In BGP/MPLS IP VPNs, PE routers use Route Target (RT) extended communities (“route targets”) to control the distribution of routes into VRFs. For a given collection of PE routers that peer using BGP, each PE router only stores VPN routes that are received and marked with route targets corresponding to VRFs that have local CE attachment circuits configured for the PE router. The PE router may discard all other VPN routes that it receives.
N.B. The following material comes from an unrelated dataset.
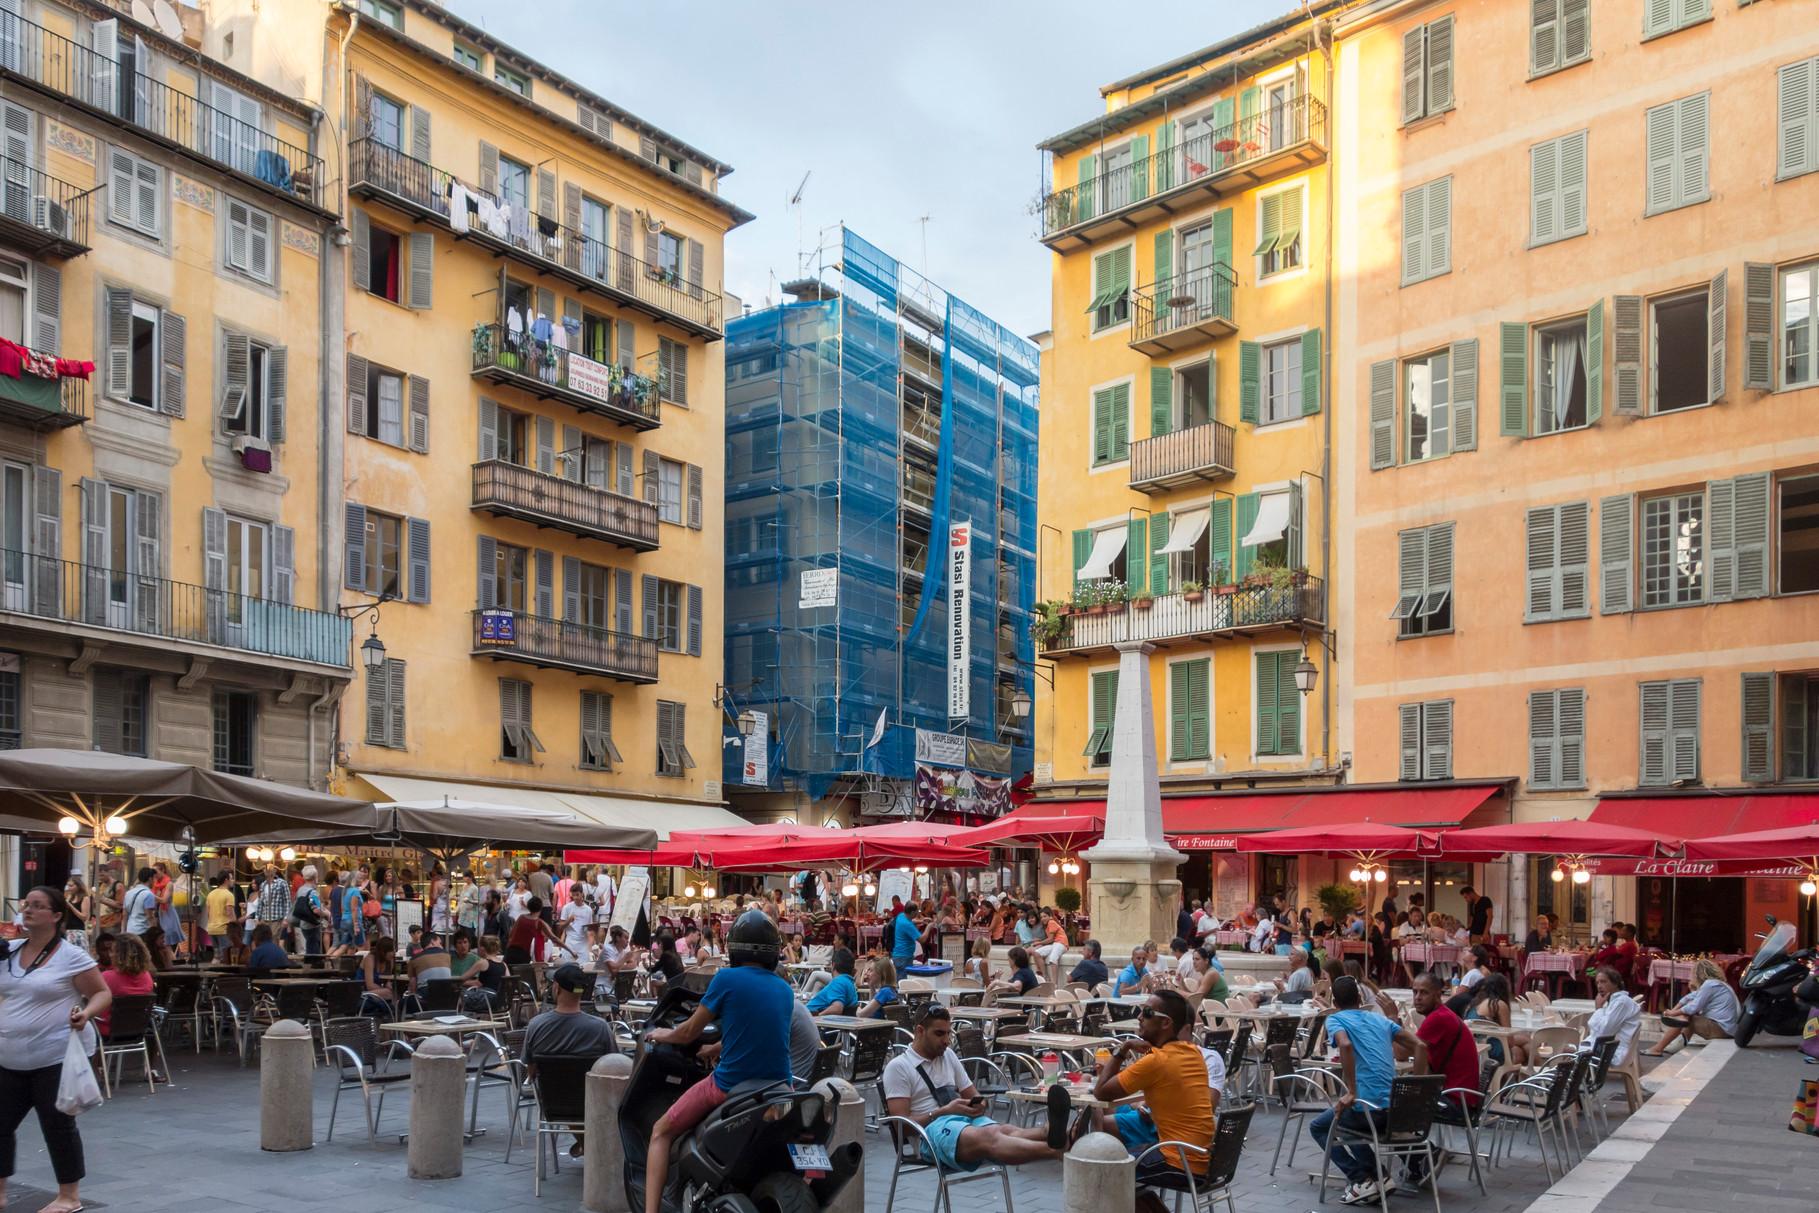 Place Rosetti im Zentrum der Altstadt

Because PE routers discard VPN routes that are not marked with a route target pertaining to a VRF of the PE router, techniques have been developed to constrain the distribution of VPN routes marked with a route target to those PE routers that will not discard the route target. For example, Marques et al., “Constrained Route Distribution for Border Gateway Protocol/MultiProtocol Label Switching (BGP/MPLS) Internet Protocol (IP) Virtual Private Networks (VPNs),” Internet Engineering Task Force Network Working Group, Request for Comments 4684, November, 2006 (hereinafter “RFC 4684”) defines Multi-Protocol BGP (MP-BGP) procedures that allow PE routers to exchange route target reachability information, which PE routers and route reflectors of a service provider network may use to build a route distribution graphs for route targets and thereby limit the propagation of VPN routes. RFC 4684 is incorporated herein by reference in its entirety.